BEGIN Exercise data
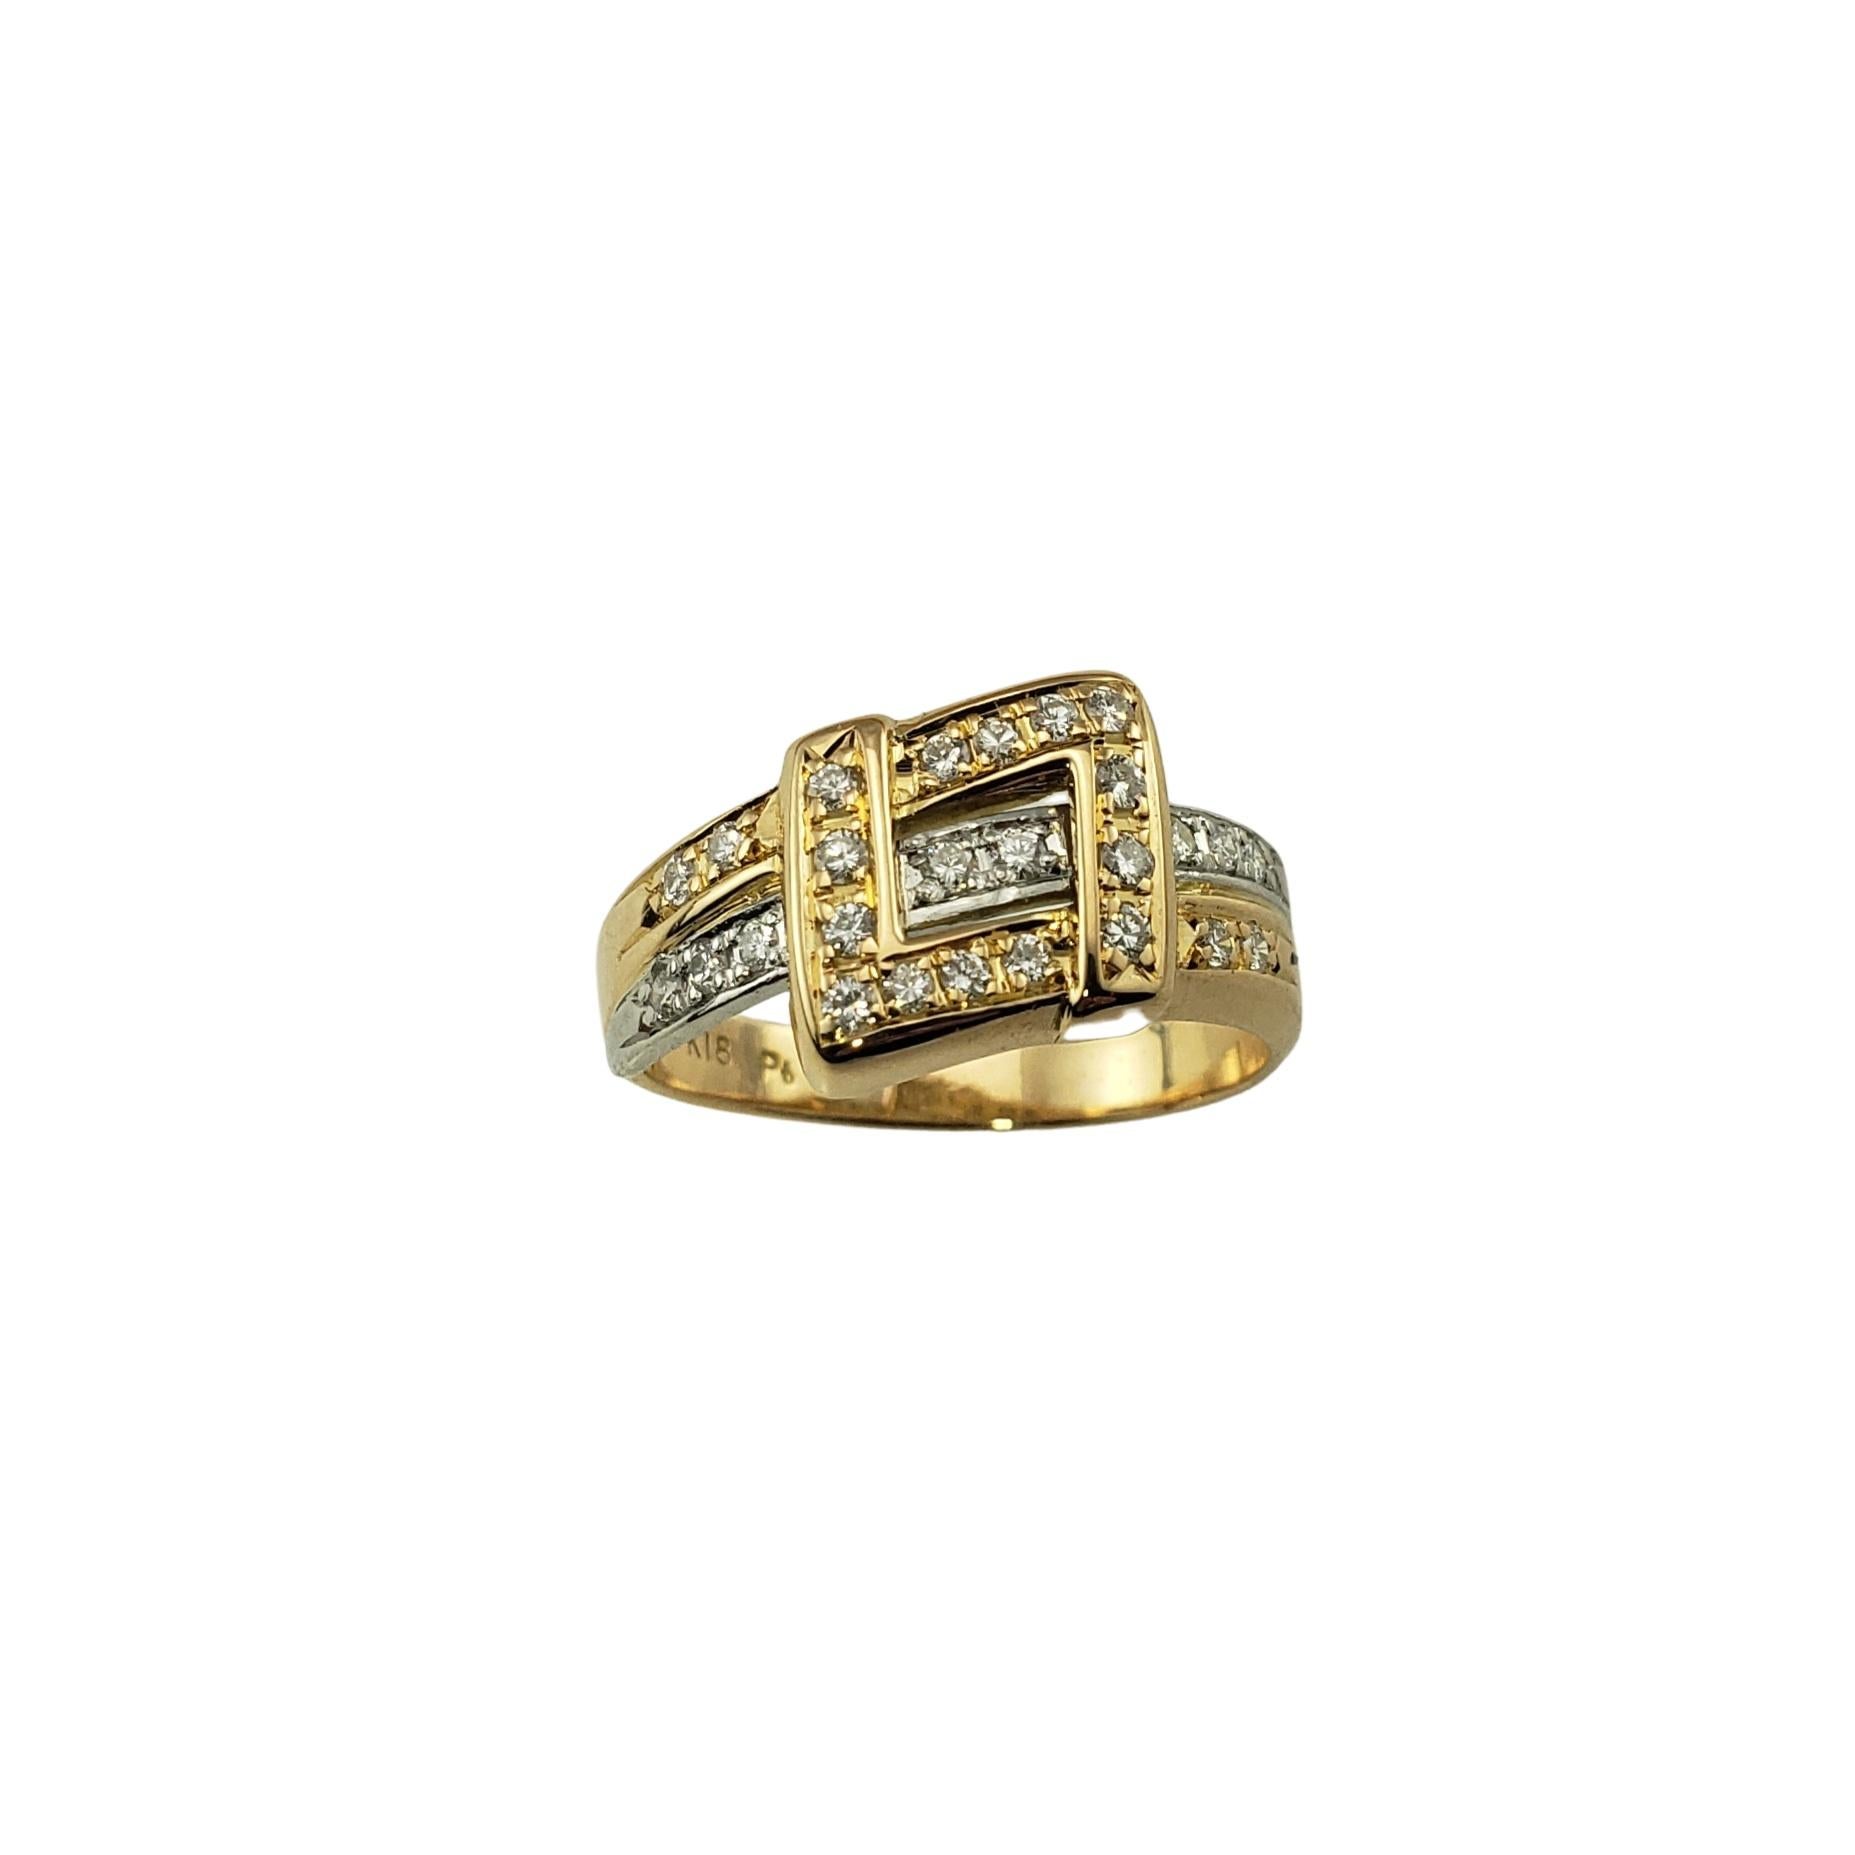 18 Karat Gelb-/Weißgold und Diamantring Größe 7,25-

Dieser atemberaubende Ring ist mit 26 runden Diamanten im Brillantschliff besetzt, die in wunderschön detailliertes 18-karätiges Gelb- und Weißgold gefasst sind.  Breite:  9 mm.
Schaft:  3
END Exercise data
Go through the material above and repeat it exactly. Omit the pictures.

 18 Karat Gelb-/Weißgold und Diamantring Größe 7,25-

Dieser atemberaubende Ring ist mit 26 runden Diamanten im Brillantschliff besetzt, die in wunderschön detailliertes 18-karätiges Gelb- und Weißgold gefasst sind.  Breite:  9 mm.
Schaft:  3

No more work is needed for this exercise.